The progressive construction of Vietnam's railway system, 1881–1966.

In 1895, outgoing Governor-General of French Indochina Jean Marie de Lanessan, convinced of the necessity of building railways to connect the different parts of Indochina, urged his successors to give priority to the construction of a north–south railway connecting Hanoi and Saigon, calling it "the backbone of Indochina" from which all other routes would radiate. It was Paul Doumer, appointed as Governor-General in 1897, who put de Lanessan's call into action. Soon after his appointment, Doumer submitted an overarching proposal for railway development in Indochina, including plans for what would eventually become the Yunnan–Vietnam Railway and the North–South railway. The French government approved the construction of the entire Yunnan line and several sections of the North–South line, approving a loan of 200 million francs within the following year. Work began swiftly thereafter, with the Phu Lang Thuong—Lạng Sơn line being upgraded and extended from Hanoi to the Chinese border at Dong Dang by 1902, and the first section of the Yunnan line between Hanoi and Haiphong opening in the same year.

Construction of the first sections of the North–South railway itself began in 1899, and lasted over thirty years, with individual sections completed serially. The first section to be laid down was the Hanoi–Vinh section, built from 1899 to 1905. Next to be built was the Nha Trang–Saigon section from 1905 to 1913; the Saigon–Tan Linh portion was opened in 1908, followed by the Tan Linh–Nha Trang portion in 1913. During this time, tracks were also laid around the city of Huế, leading south to Tourane, and north to Đông Hà. The Huế–Tourane section opened in 1906, and the Huế–Dong Ha line opened in 1908. The Vinh-Huế section was constructed from 1913 to 1927, and finally, the remaining Huế–Nha Trang section was constructed from 1930 to 1936. On 2 October 1936, the entire 1726 km Hanoi–Saigon link was formally put into full operation.

As elsewhere in the world, the railways were the sites of active union and labor organization.

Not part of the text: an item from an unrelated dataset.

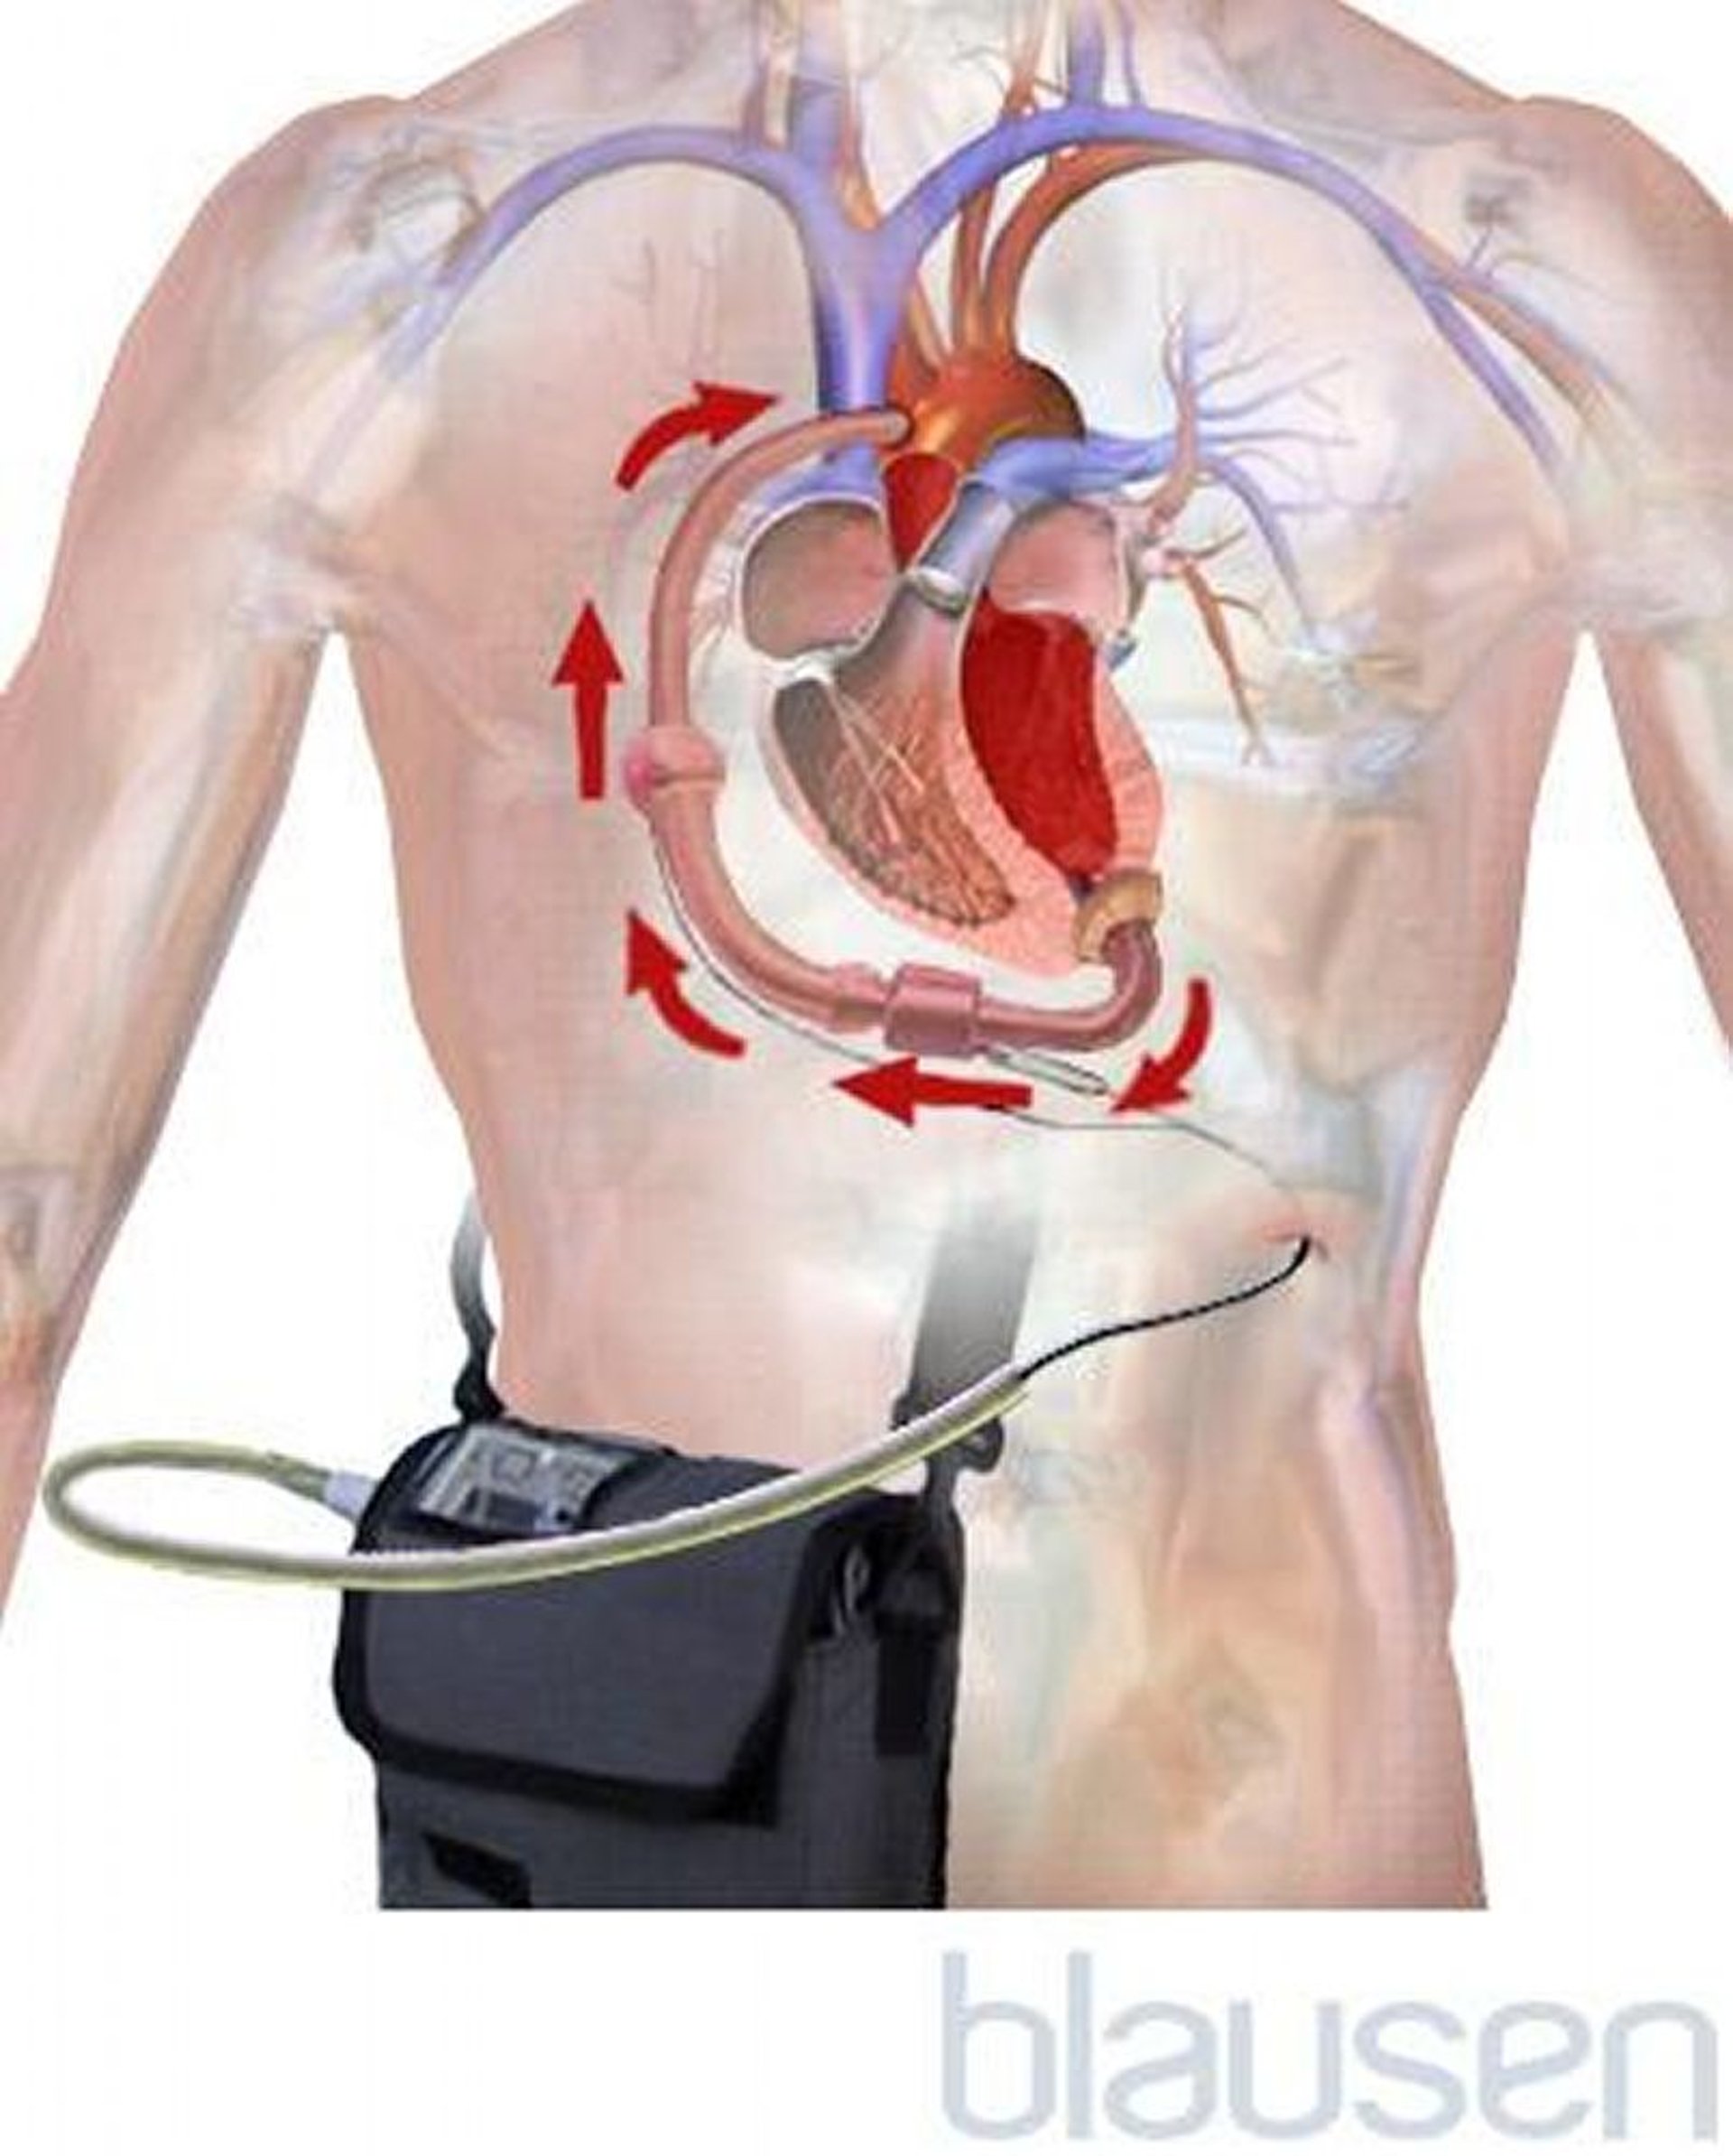 Dispositif d’assistance ventriculaire

The first journeys from end to end of the newly completed line, dubbed the Transindochinois ("Trans-Indochinese"), generally took about 60 hours, or two days and three nights. This decreased to about 40 hours by the late 1930s, with trains travelling at an average speed of 43 kph. Trains were generally pulled by French Pacific or Mikado locomotives, and included dining cars and sleeping cars (voitures-couchettes).

===Wartime===

After the Japanese invasion of French Indochina during World War II, Japanese forces used the Vietnamese railway system extensively, inviting sabotage by the Viet Minh as well as American bombing from the air. Following the exit of the Japanese at the end of the war, efforts were made to repair the seriously damaged North–South line.

Shortly after World War II ended, however, the First Indochina War began, and the Viet Minh's sabotage of the rail system continued, this time against the armies of the French Union. In response, the French began using the armed armoured train La Rafale as both a cargo-carrier and a mobile surveillance unit. In February 1951 the first Rafale was in service on the Saigon-Nha Trang section of the North–South line. Use of the Rafale failed to deter the Viet Minh guerrillas, however, who continued sabotaging the line, making off with its rails under cover of night and creating a 300 km rail network between Ninh Hoa and Da Nang, in a Viet Minh-controlled area. In 1953, the guerrillas attacked La Rafale itself, mining and destroying stone bridges as they passed by. In 1954, following the signature of Geneva Accords, Vietnam was temporarily divided into two parts: the communist North and anti-communist South. The North–South railway was bisected accordingly at Hiền Lương Bridge, a bridge over the Bến Hải River in Quảng Trị Province.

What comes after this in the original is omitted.